• [WORK INSTRUCTIONS] Copy out the full listing below as it stands, with its pictures left behind.

BEGIN SUPPLIED DATA

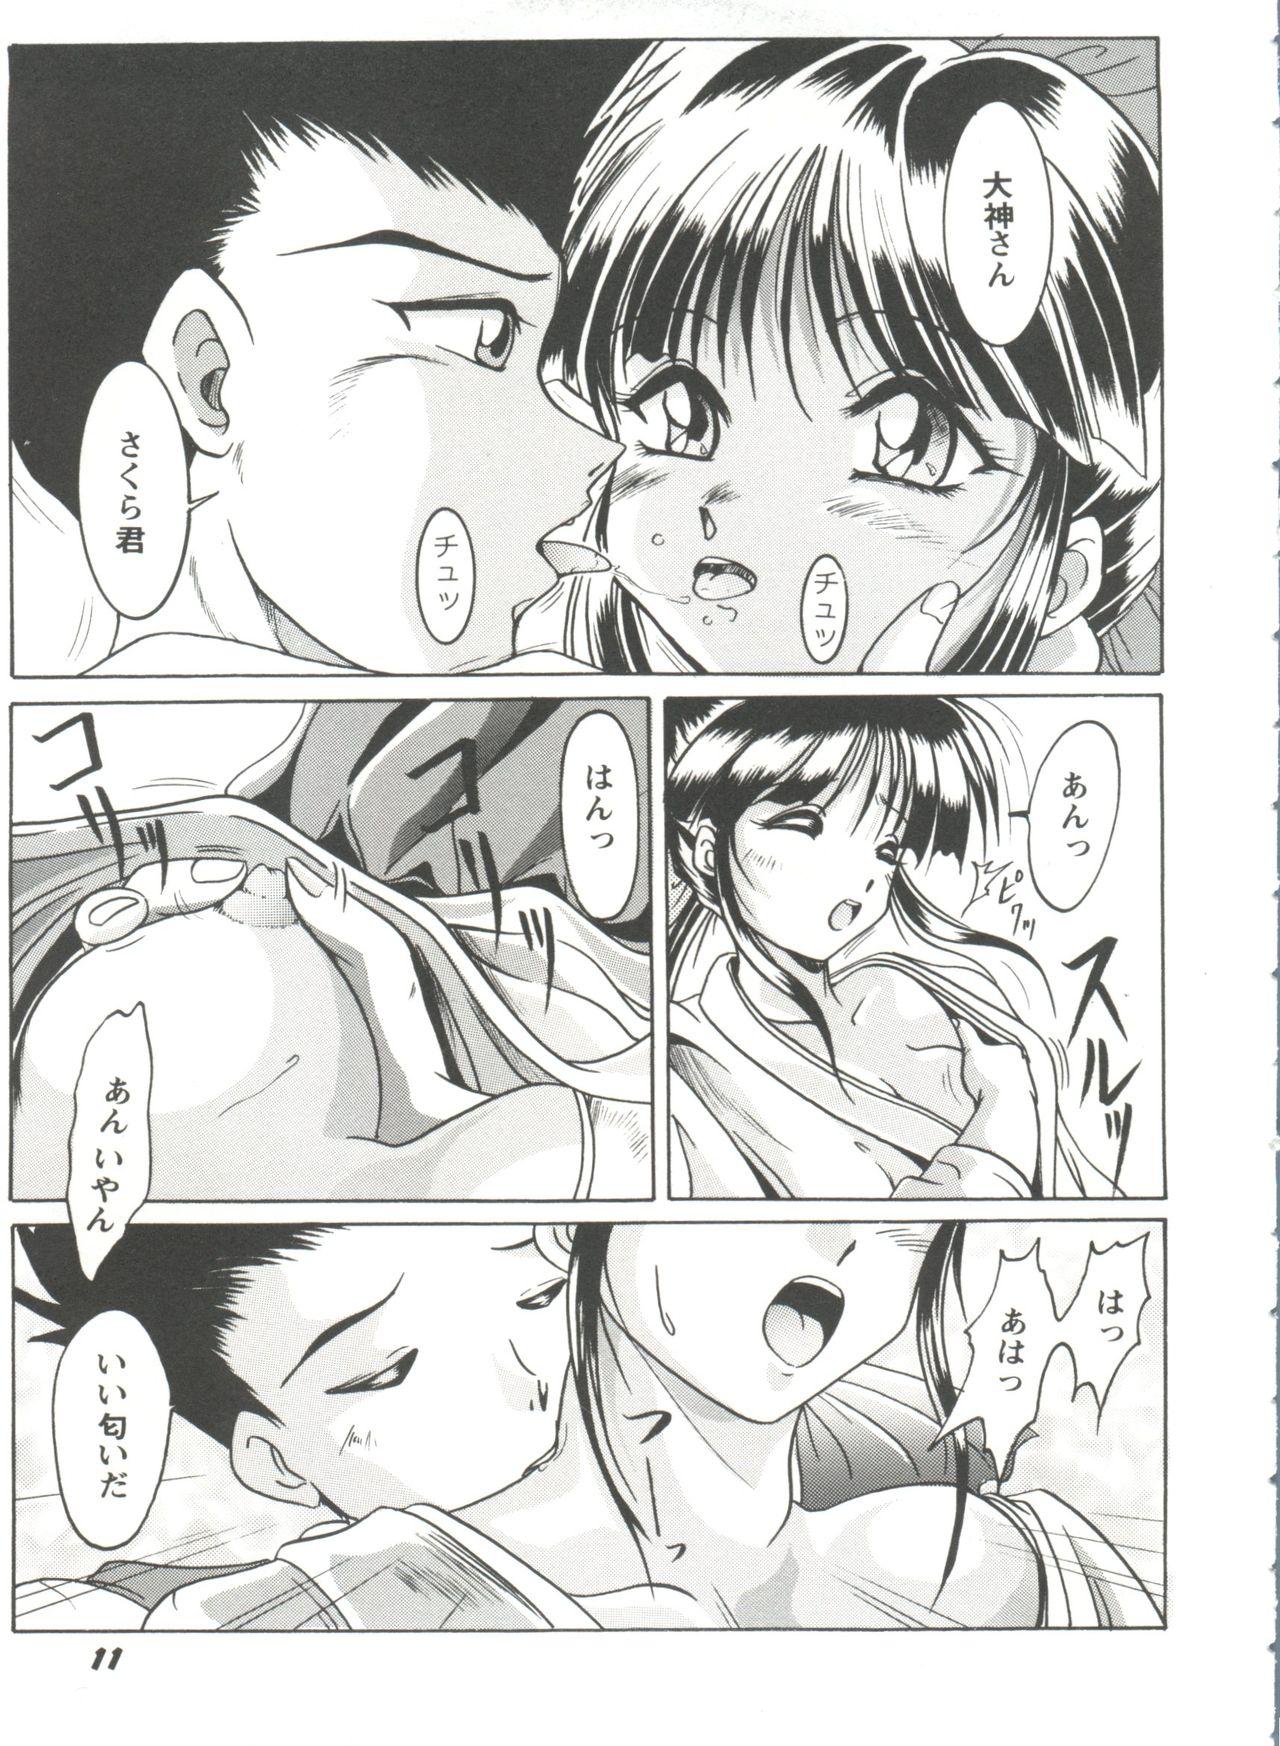 Teenage Porn Girl's Parade Scene 4 - Sakura taisen Martian successor nadesico Slayers Yu yu hakusho Rola - Page 12
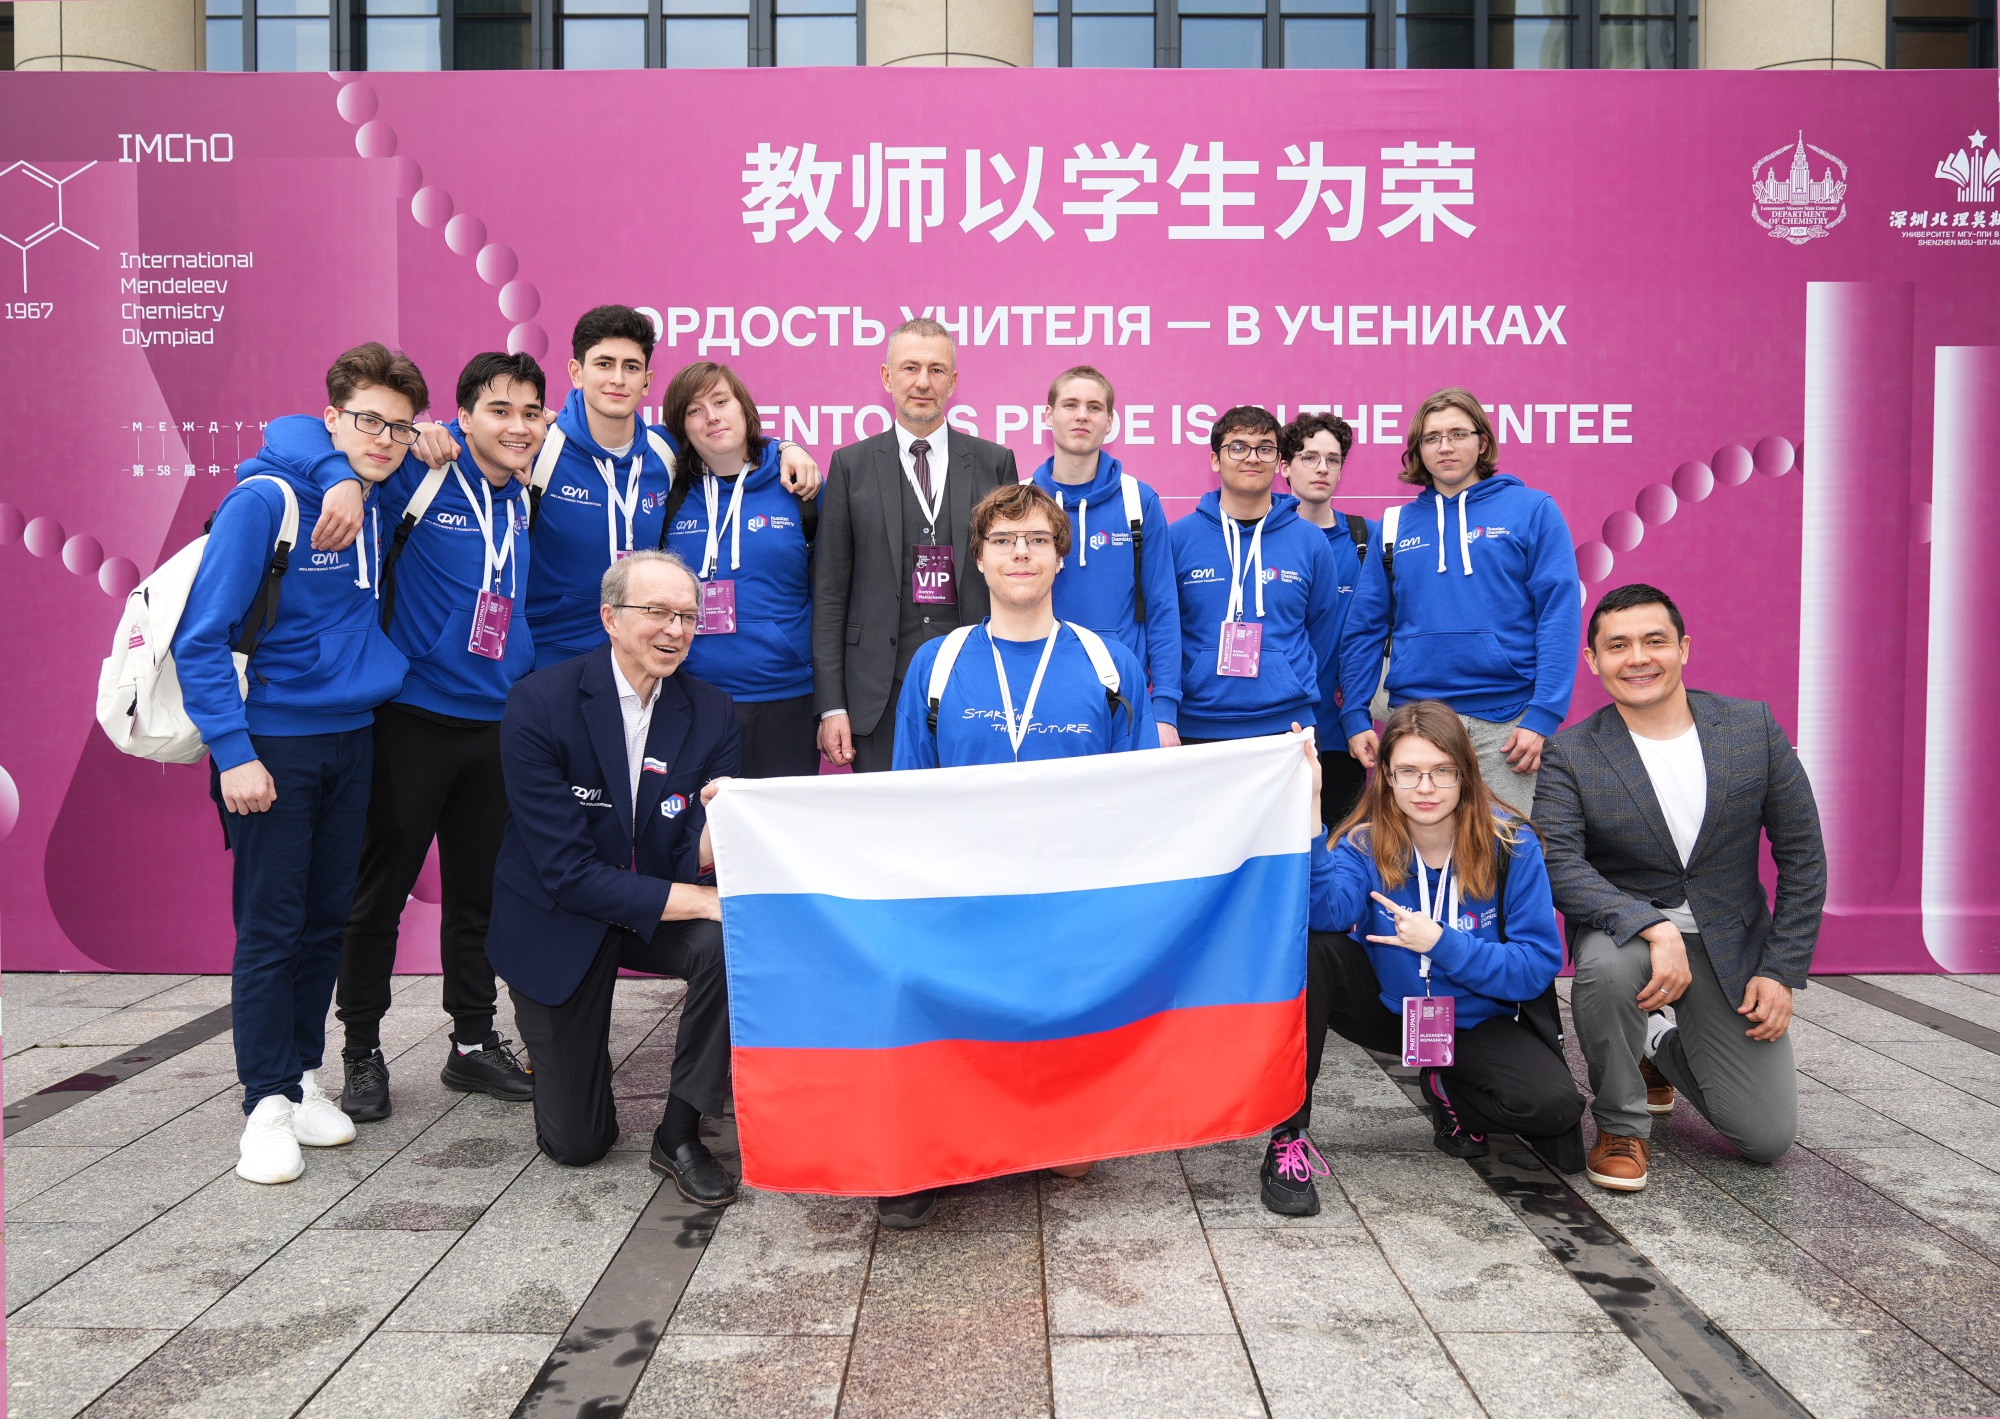 Пять золотых и пять серебряных медалей завоевали российские школьники на 58-й Международной Менделеевской олимпиаде по химии в Китае
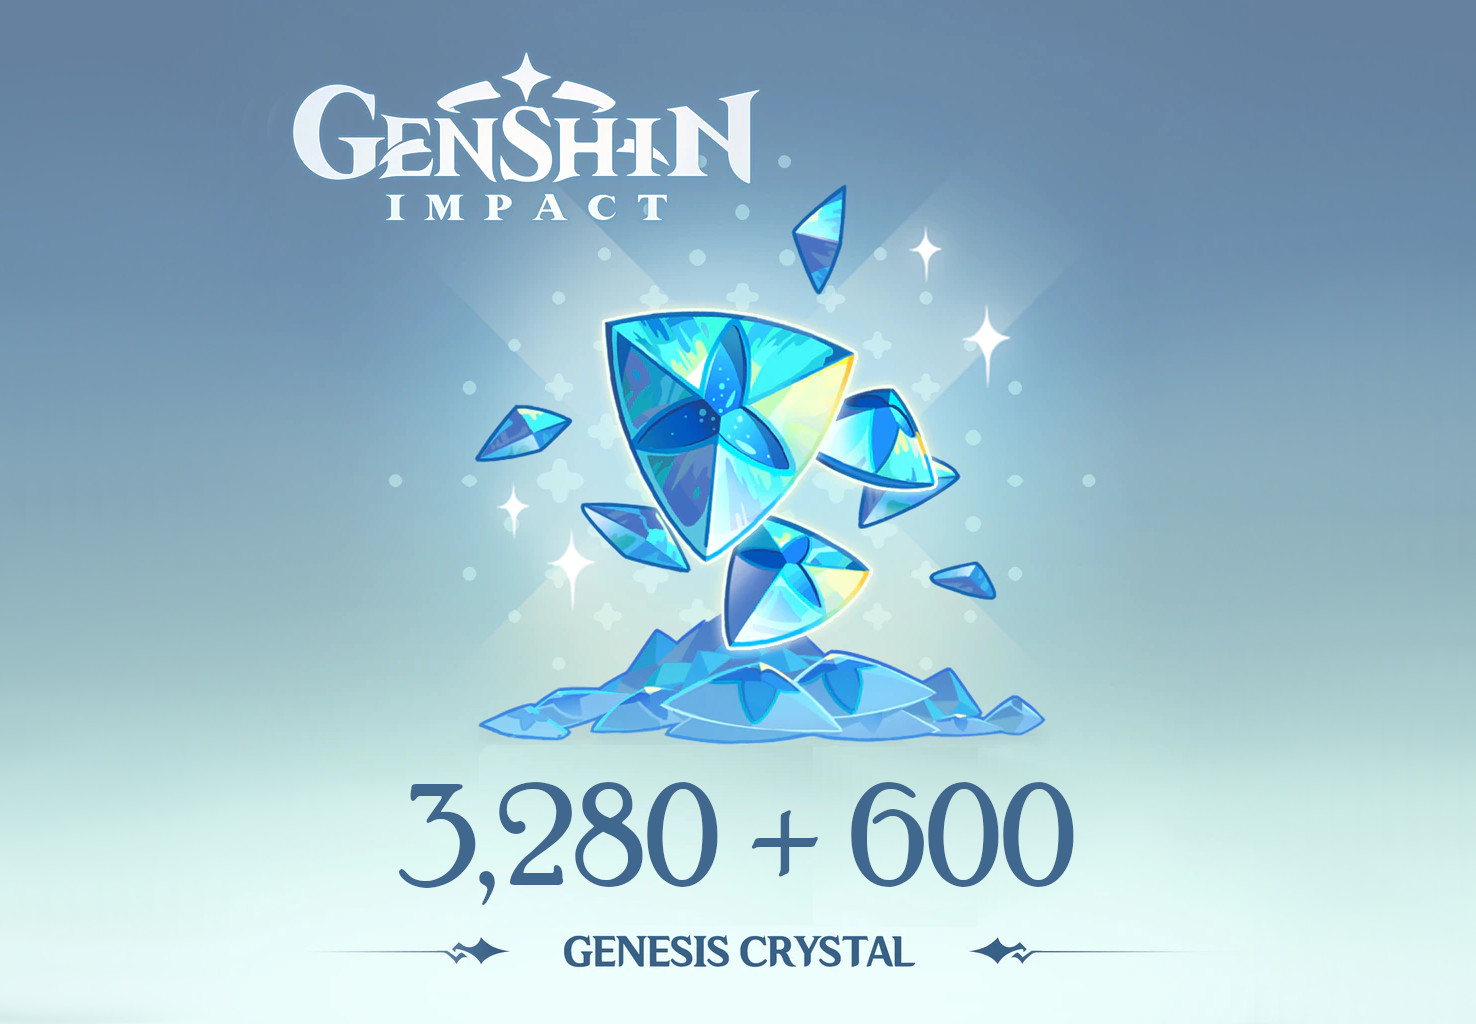 Genshin Impact - 3,280 + 600 Genesis Crystals Reidos Voucher 53.39 $

END SUPPLIED DATA

• [EXERCISE SOLUTION]
 Teenage Porn Girl's Parade Scene 4 - Sakura taisen Martian successor nadesico Slayers Yu yu hakusho Rola - Page 12
 Пять золотых и пять серебряных медалей завоевали российские школьники на 58-й Международной Менделеевской олимпиаде по химии в Китае
 Genshin Impact - 3,280 + 600 Genesis Crystals Reidos Voucher 53.39 $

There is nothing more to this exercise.